A wide range of techniques has been developed for traffic classification [1], including port-based matching, deep packet inspection (DPI), statistical feature analysis, behavioral analysis, and machine learning (ML)-based approaches. However, the effectiveness of port-based methods has declined sharply due to the prevalence of dynamic, multiplexed, or obfuscated port assignments. DPI approaches, while once dominant, are increasingly constrained by legal limitations, computational overhead, and encryption. While traditional ML methods offer improvements over rule-based systems-particularly in their ability to handle encrypted traffic and reduce reliance on payload content-they often depend heavily on manual feature engineering and exhibit limited adaptability to dynamic or previously unseen network behaviors.

To overcome these limitations, recent studies have applied deep learning to traffic classification. Deep learning models can automatically extract structured feature representations from raw data, enabling end-to-end training and improved generalization to new or evolving traffic patterns.

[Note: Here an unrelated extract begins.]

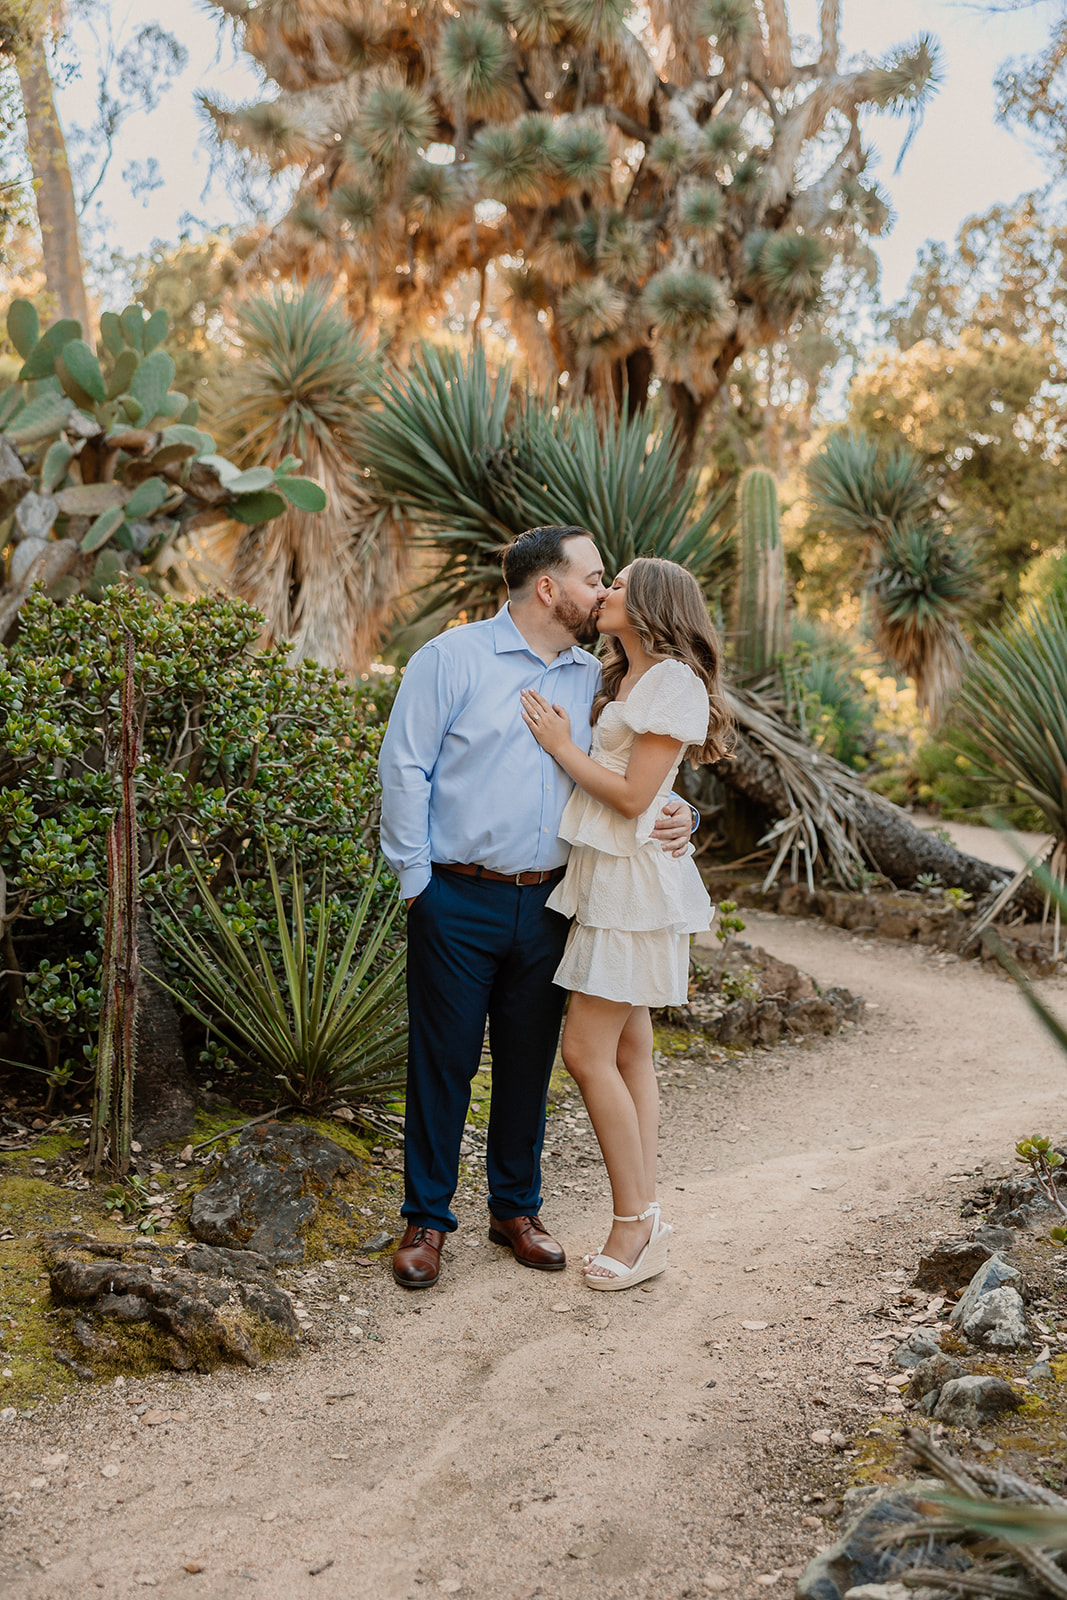 A man and woman stand on a dirt path in a garden, sharing a kiss. The man is in a blue shirt and dark pants, and the woman is in a white dress. Greenery and various plants surround them for their engagement photos at cactus garden in stanford

Notable achievements include the use of convolutional neural networks (CNNs) for unencrypted traffic classification, with performance metrics such as accuracy, recall, and F1-score all exceeding 89% [3]. Other research [5] has demonstrated that combining long short-term memory (LSTM) networks with 2D-CNN architectures can further enhance performance, achieving up to 96.32% accuracy and 95.74% F1-score. Hybrid models that integrate multiple neural architectures, as well as multitask learning systems that simultaneously optimize for different traffic-related tasks, have also been proposed to improve robustness and scalability [6,7,8].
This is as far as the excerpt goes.